**What is required**
Start with the line that holds "Дамски панталон с". Please copy it and each remaining line below exactly, leaving pictures out.

**Collected material**
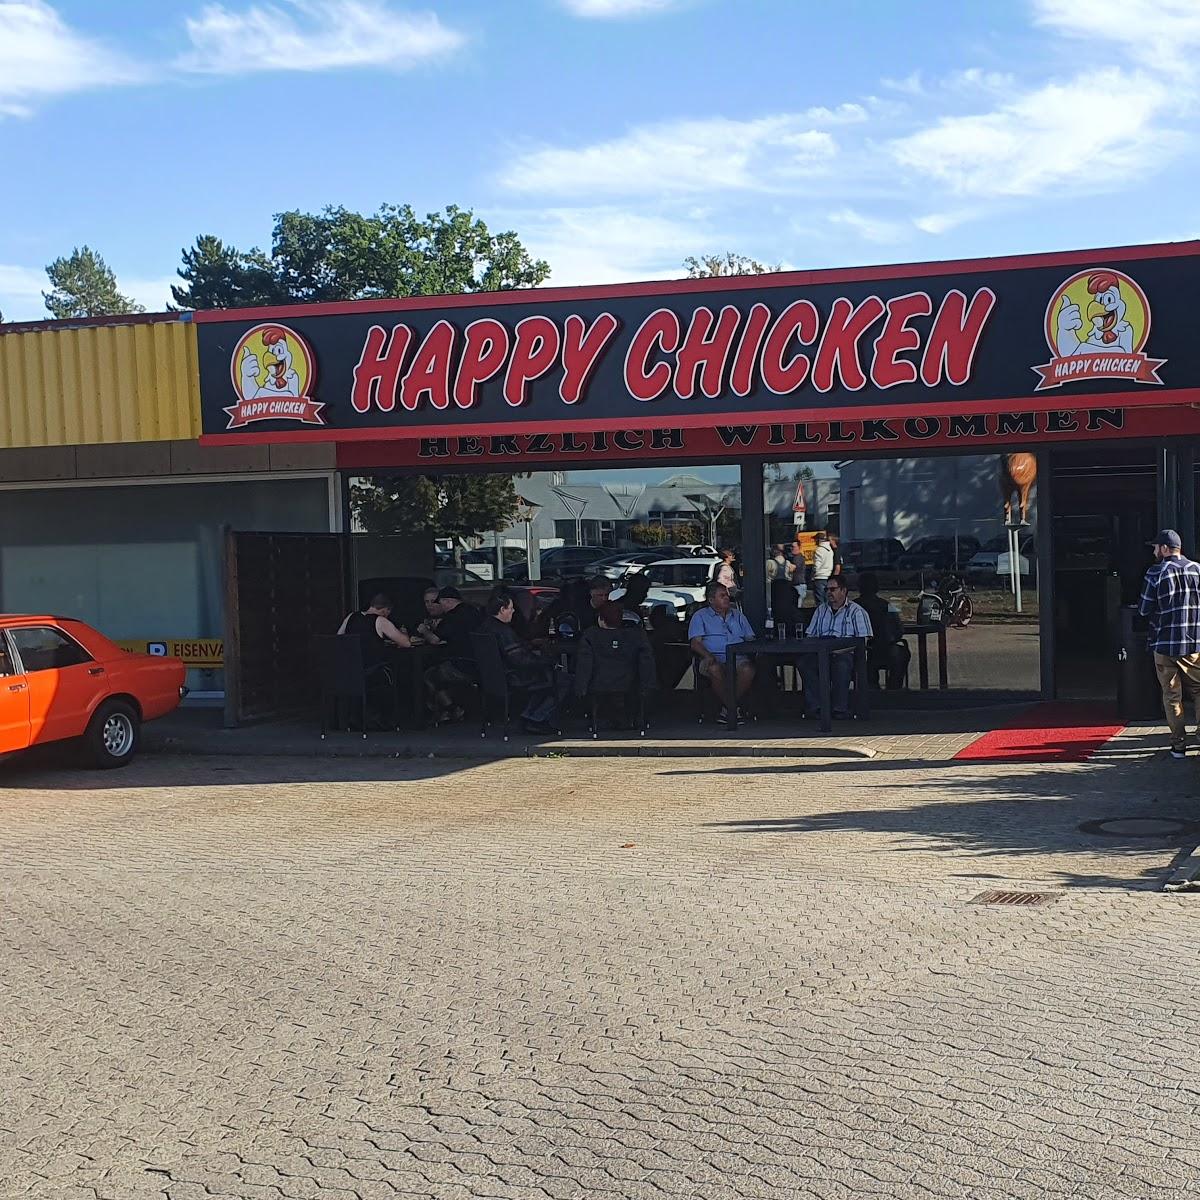 Restaurant "Happy Chicken" in  Gifhorn
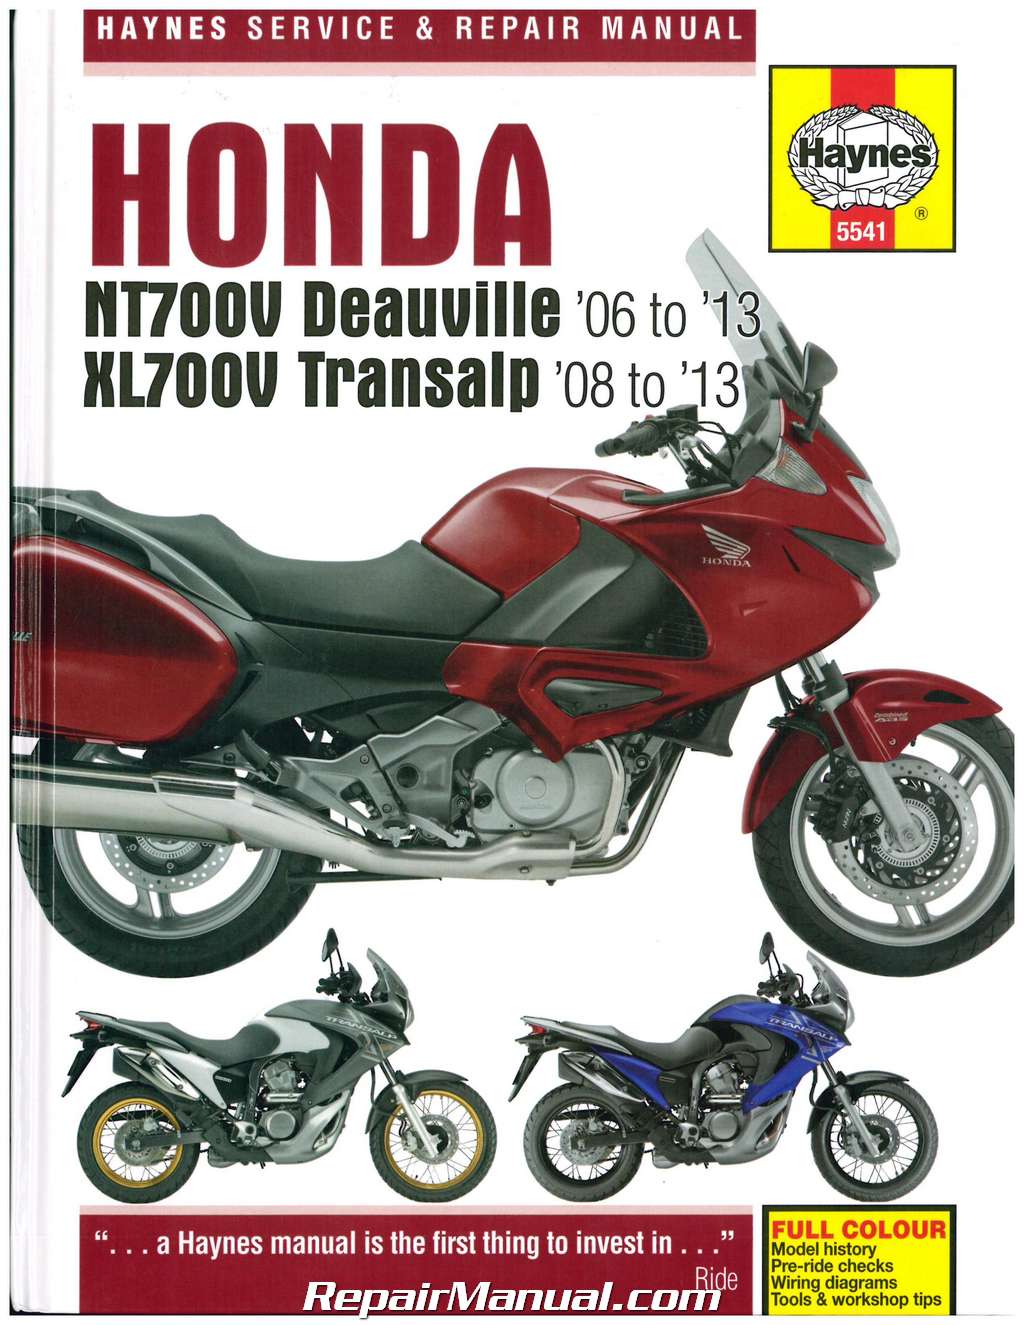 Honda Bike Manual
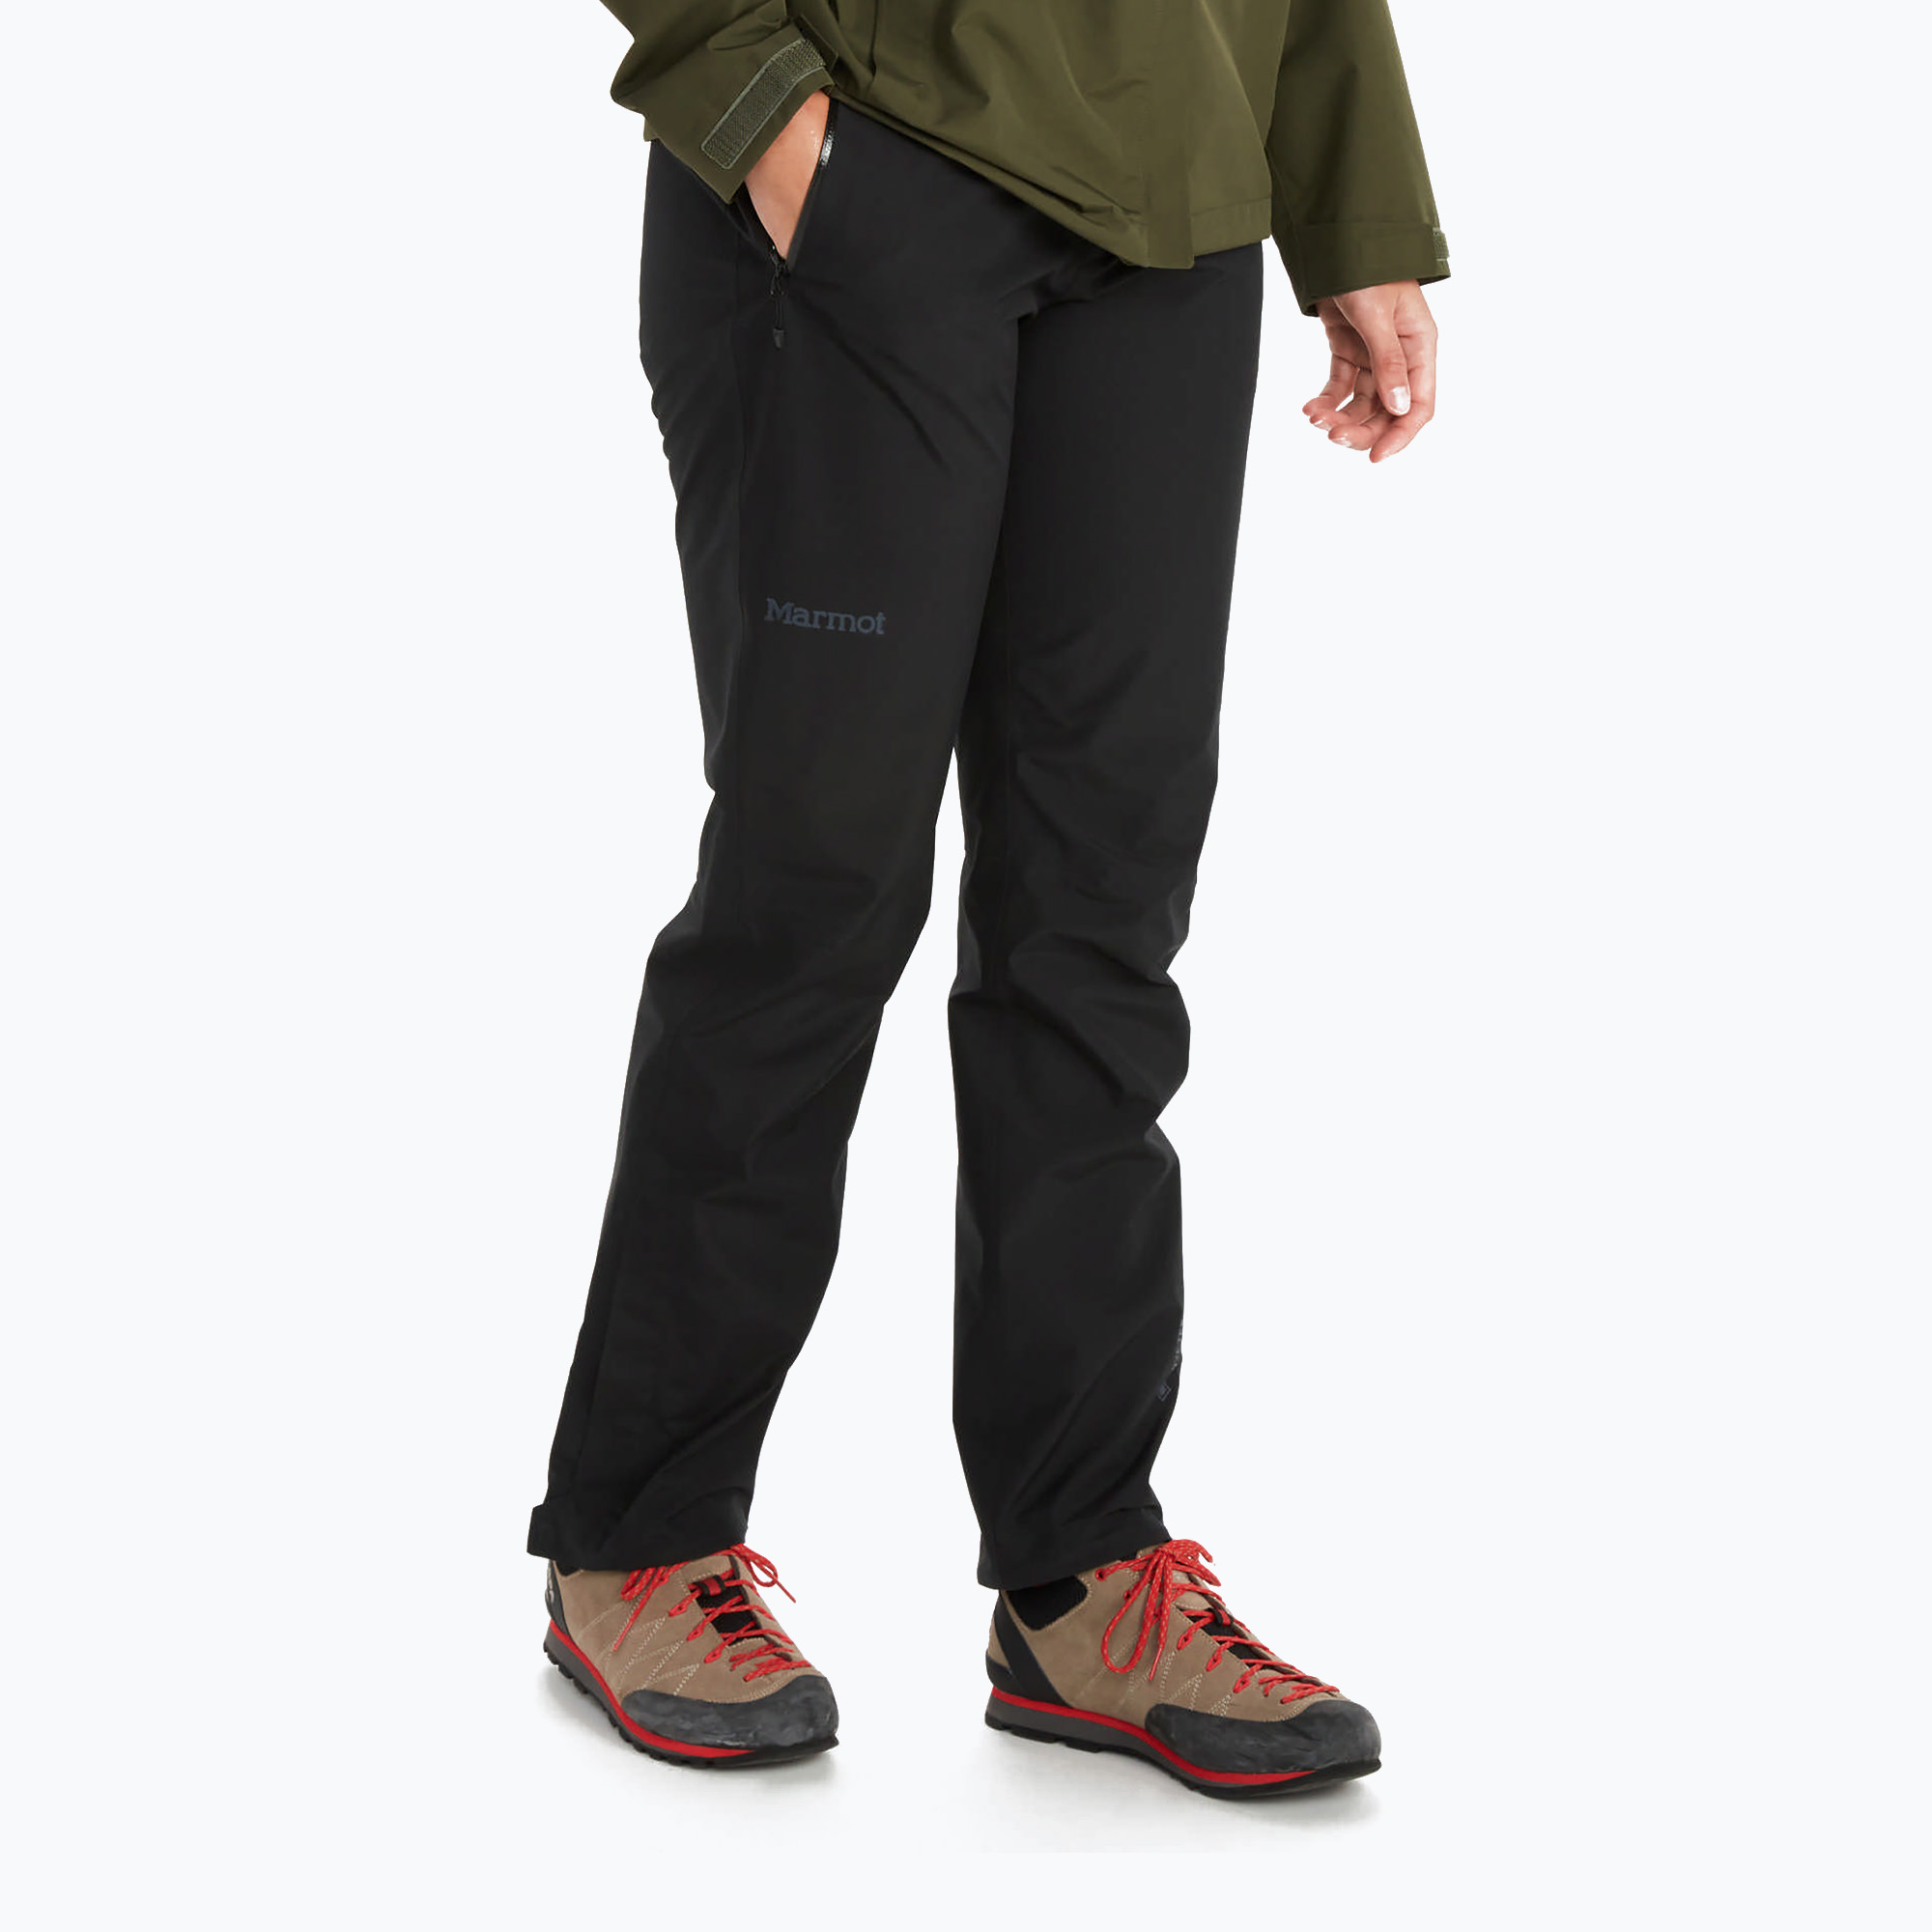 Дамски панталон с мембрана Marmot Minimalist черен M12684
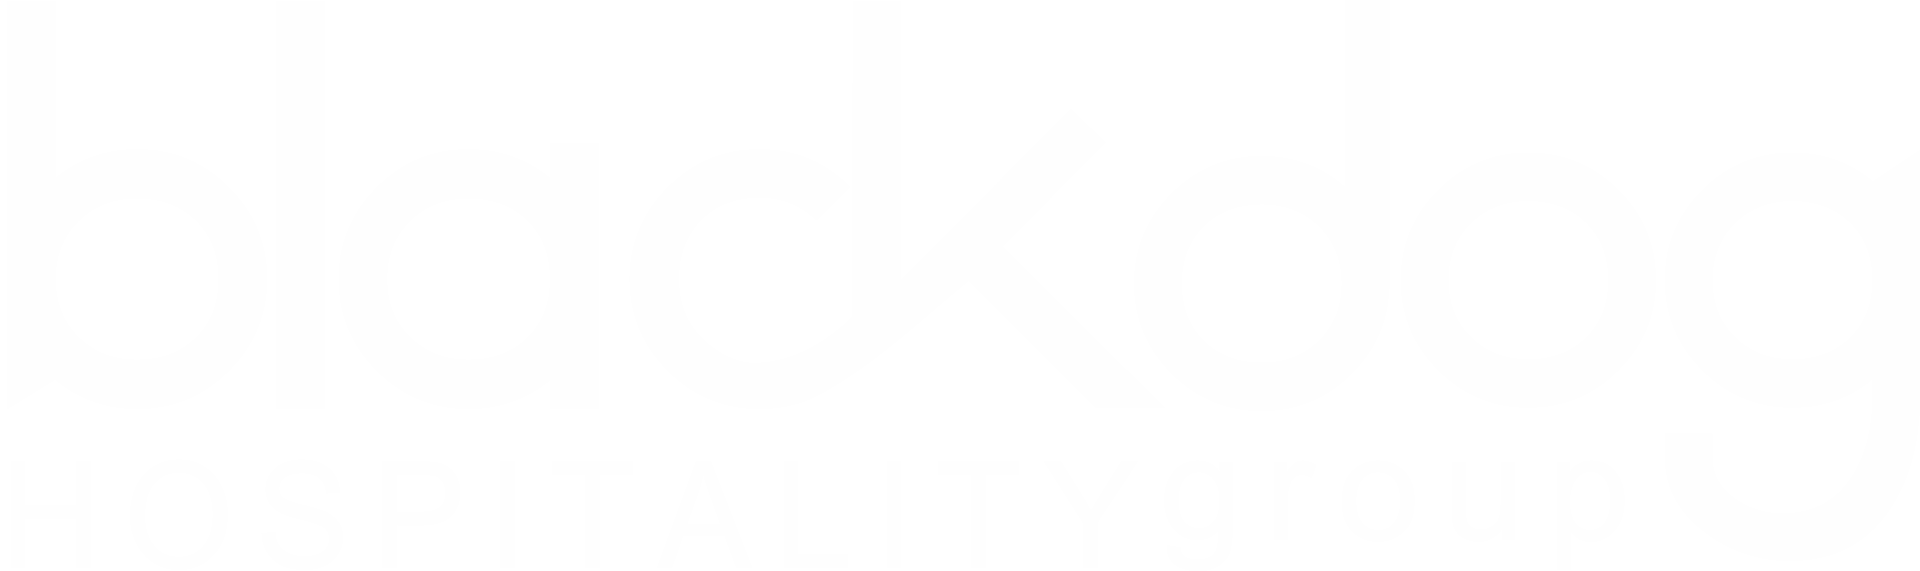 Black Dog Hospitality Group logo

**Answer to the exercise**
 Дамски панталон с мембрана Marmot Minimalist черен M12684
 Black Dog Hospitality Group logo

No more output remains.